Greek Lawmakers Weigh Bailout as Tear Gas Fired in Athens
As N. Chomsky pointed has out over the years, business news services like WSJ often have excellent news coverage – including of ideas, people and developments that are blacked out in the editorial pages of the same paper and the NYTimes. Business leaders need to know about anything that may affect their bottomlines, even if it’s news that will be kept hushed up or marginalized in the rest of the news media pitched at the common people.
I like the photos of policemen dancing in the flames at night. It reminds me of Greek black figure vase painting.
anonymouscoward
Well they passed a raft of required measures for a third bailout, none of which they will be able to implement to the satisfaction of the implacable debt scolds of the North. So there will be Grexit a few months onwards, but it will be the anticlimactic, petering out kind of Grexit where Greek people slowly drop dead or emigrate, and then the banks in Greece just fold up like theater scenery. Not the fiery Fuck You and Your Gods! kind of storming out Grexit that I would have preferred.
Mandos
I don’t know why you think that Schäuble would be offering a “pretty good deal for Grexit”. I mean it may be, but we don’t know, unless Schäuble has published some kind of detailed plan rather than the thing he presented at the summit. I gather that this had been offered to Varoufakis early on. It turns out that Varoufakis was thinking about the possibility of Grexit, but not Tsipras — but even YV was not willing to do it on Schäuble’s terms. Even after “mental waterboarding”, Tsipras was not willing to endorse the Schäuble plan — in fact, he refers to it as the worst machination of European conservatives from which he is saving Greece.
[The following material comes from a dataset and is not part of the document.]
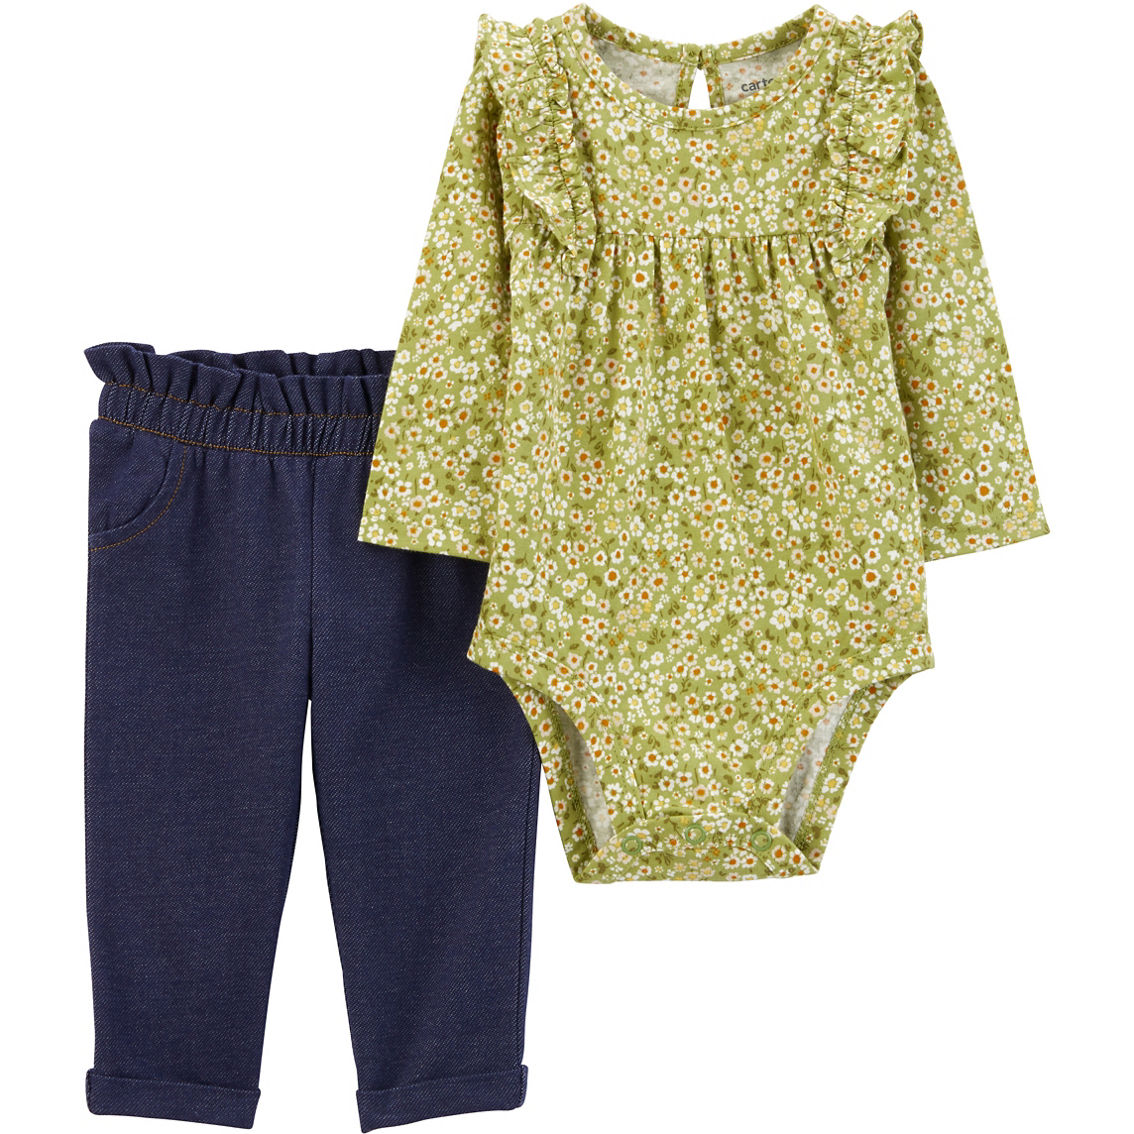 Carter's Baby Girls Floral Bodysuit and Pants 2 pc. Set

The enthusiasm to just assume that this is a good idea is baffling to me, but anonymouscoward maybe puts his/her/its/coward’s finger on at least one version or possibility for why some people are so enthusiastic about Grexit:
The Schäuble-Grexit, even under its kindest possible version, wouldn’t be a fiery storming out. But the Greek people don’t exist to provide historical-catalysis drama.
I did not expect this to end in any other way than that eventually Greece would come under another memorandum. What I am surprised is how long it took, and the positive and not to be underestimated point is that there are no illusions any more about who wants what.
anonymouscoward
It matters to me how Grexit happens, given that it is going to happen. Nobody but nobody thinks Greece can meet it requirements under the new bailout, and failure to meet those requirements means the IV drip of funds gets disconnected at some point, maybe as soon as a few months from now. When that happens – Grexit. Now I can see how that gives the Masters of the EUniverse a public relations benefit. They get to play the patient but exasperated good burgher, taken advantage repeatedly of by their lying, sponging, ne’er do well neighbor who borrowed a ladder that was never returned, who scratched the paint on the car he borrowed and never fixed it, and who spent loans he begged for his “sick kid in the hospital” on roulette. You’ve burned me before Greece, but I’m such a magnanimous guy, I’m willing to give you this one last chance if you agree to do it my way. Only it’s no chance at all. Even the IMF -one head of the Hell-Hound- has said this plan has no chance to work with Greece’s debt levels where they are and with the economy plastered by the ECB engineered bank run.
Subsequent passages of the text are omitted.